Over the weekend, I started to notice a bunch of artists moving to Cara, a social network for artists founded by Jingna Zhang, herself an accomplished photographer.
The fediverse is a decentralized cooperative of social networks that can interact with each other: a user on one network can follow, reply, like, and re-share content from a user on another network. The whole thing depends on an open standard called ActivityPub, shared community norms, and a cooperative culture.
Of course, my first reaction was that Cara should be compatible with the fediverse so that its content could be more easily discoverable by users on social networks like Threads, Flipboard, and Mastodon. Cara is explicitly set up to be a network for human artists, with no AI-generated content, which will be increasingly valuable as the web becomes flooded with machine-made art. The fediverse would allow them to publish on sites like Cara that are set up to support their needs, while finding a broad audience across the entire web.
From its About page:
With the widespread use of generative AI, we decided to build a place that filters out generative AI images so that people who want to find authentic creatives and artwork can do so easily.

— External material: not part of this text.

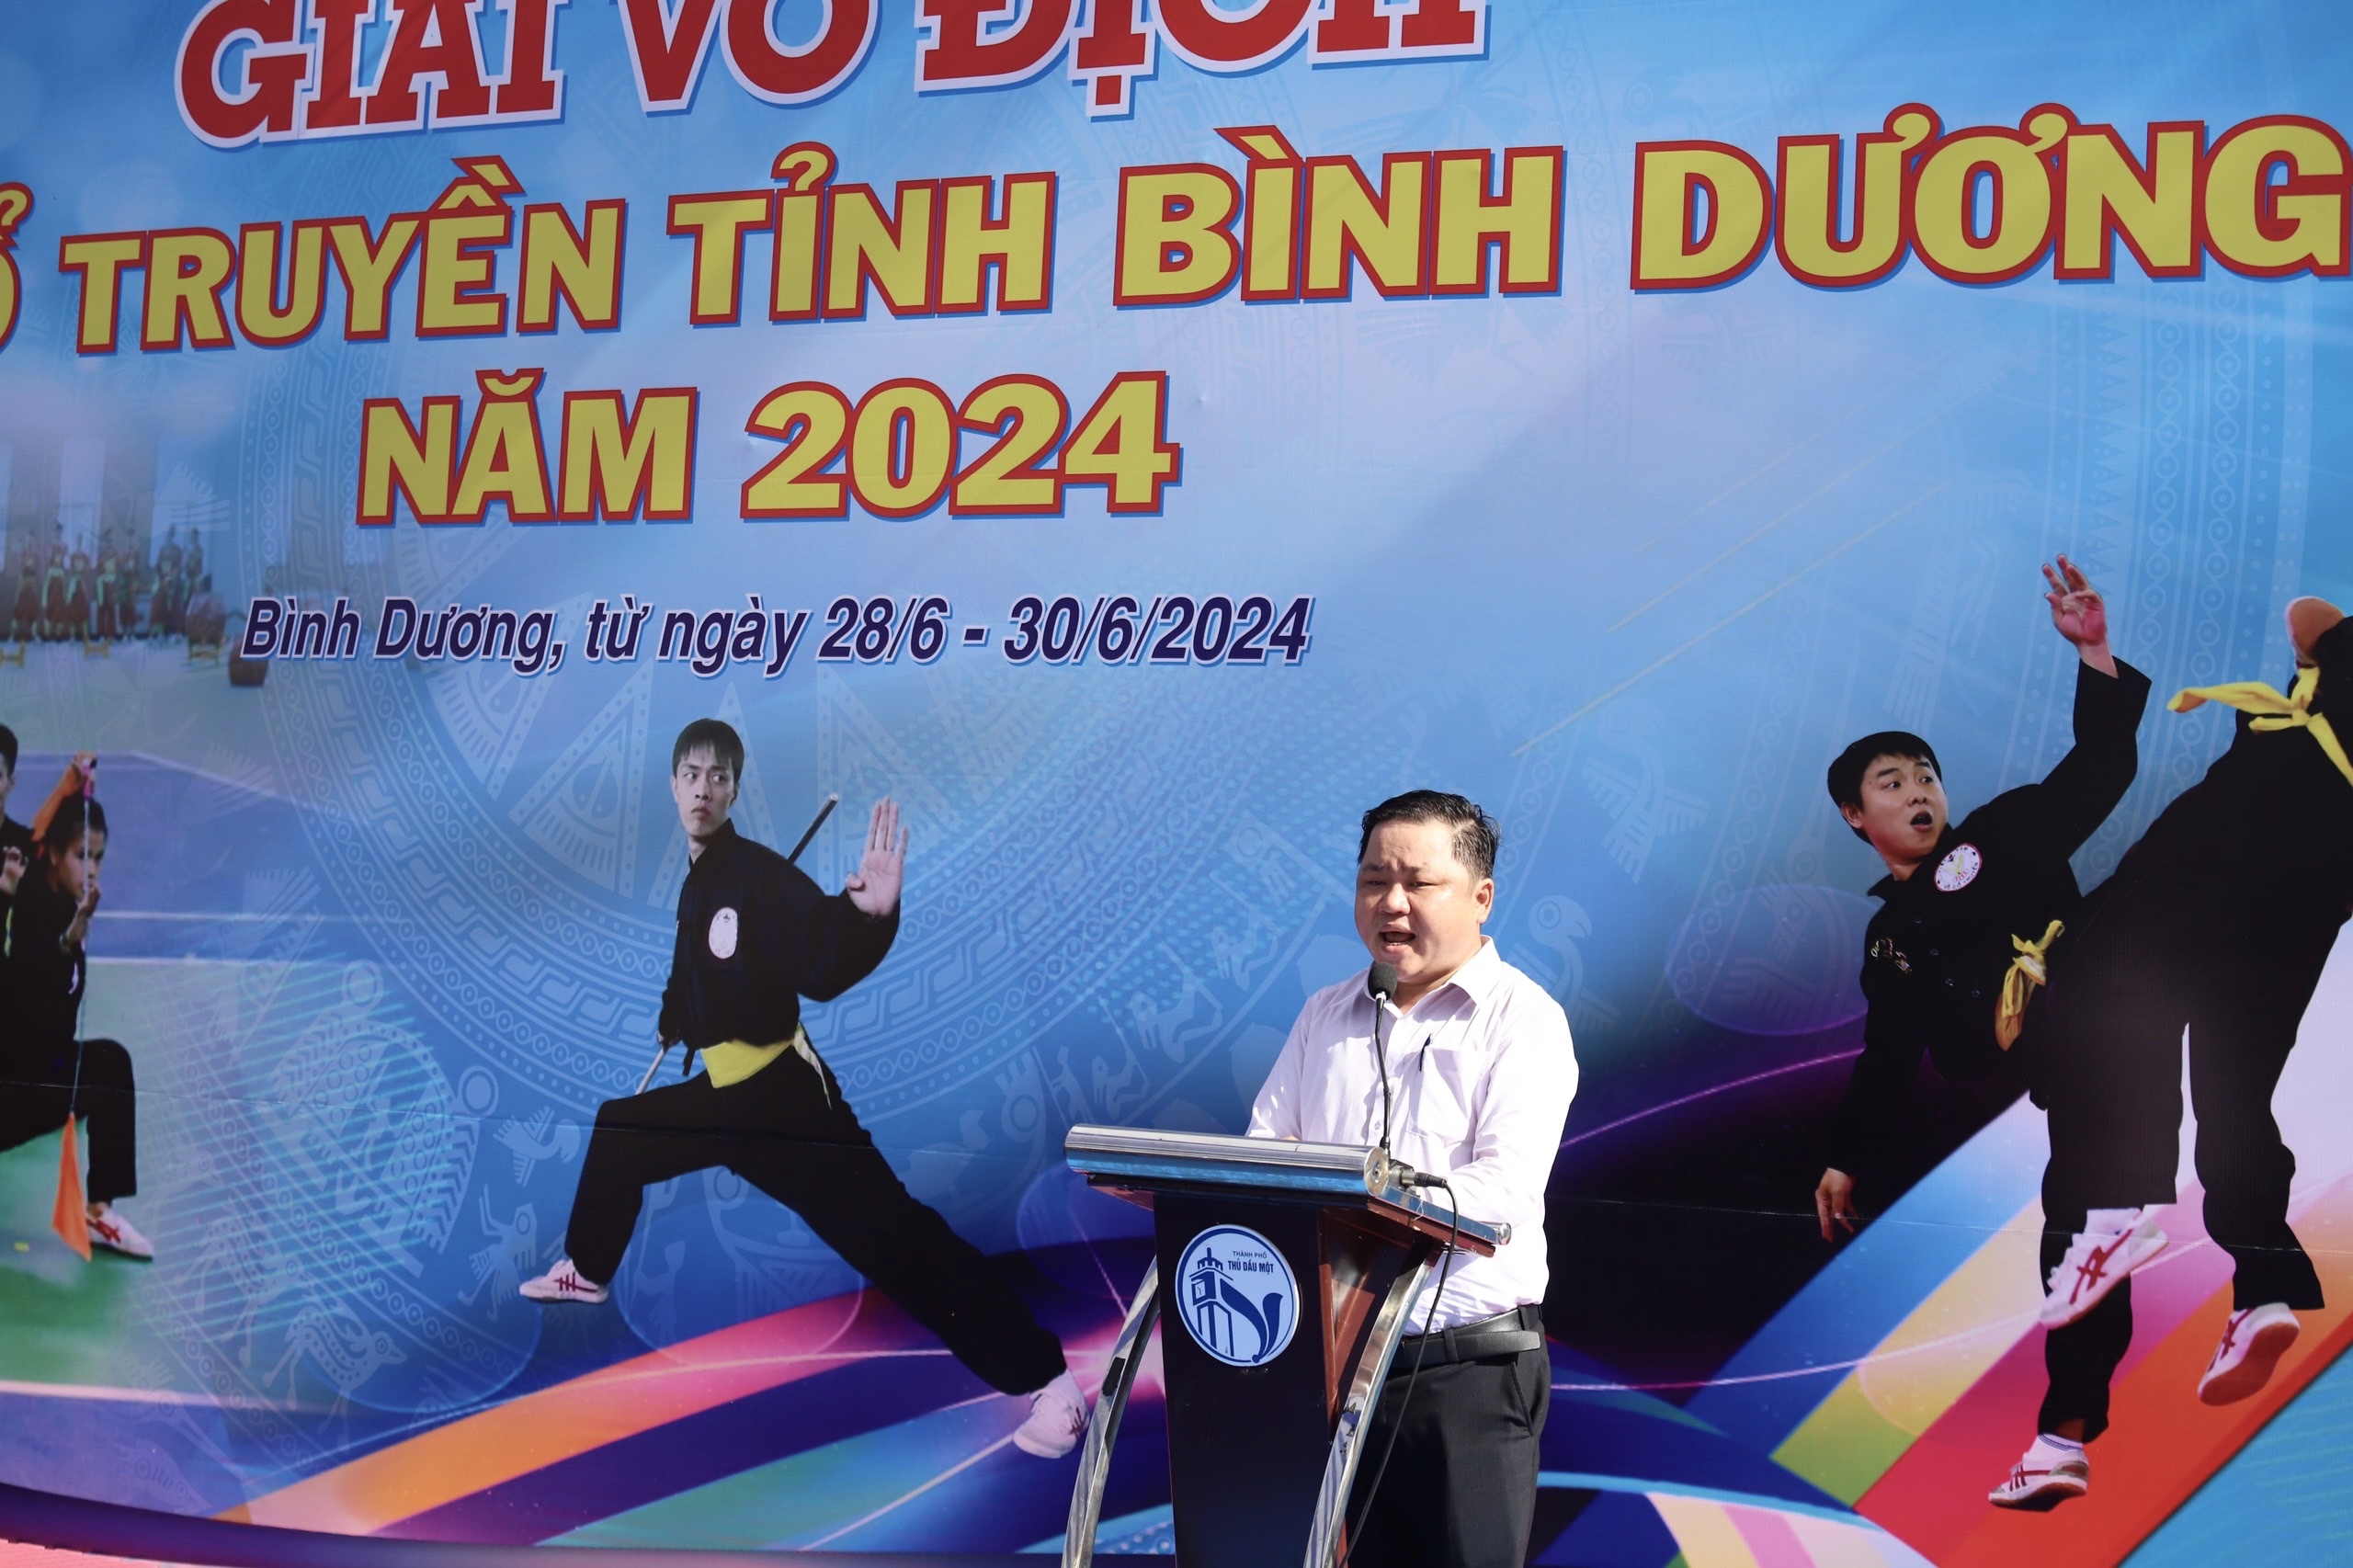 Ông Nguyễn Văn Phương, Giám đốc Trung tâm Văn hóa, Thông tin và Thể thao thành phố Thủ Dầu Một thay mặt Ban Tổ chức giải phát biểu khai mạc

[…] We do not agree with generative AI tools in their current unethical form, and we won’t host AI-generated portfolios unless the rampant ethical and data privacy issues around datasets are resolved via regulation.
I’d love to follow artists on Cara from my Mastodon or Threads accounts. But how does Cara’s AI stance square with the fediverse? How might artists on Cara find a broad audience for their work across the web without risking that art being used as training data without permission?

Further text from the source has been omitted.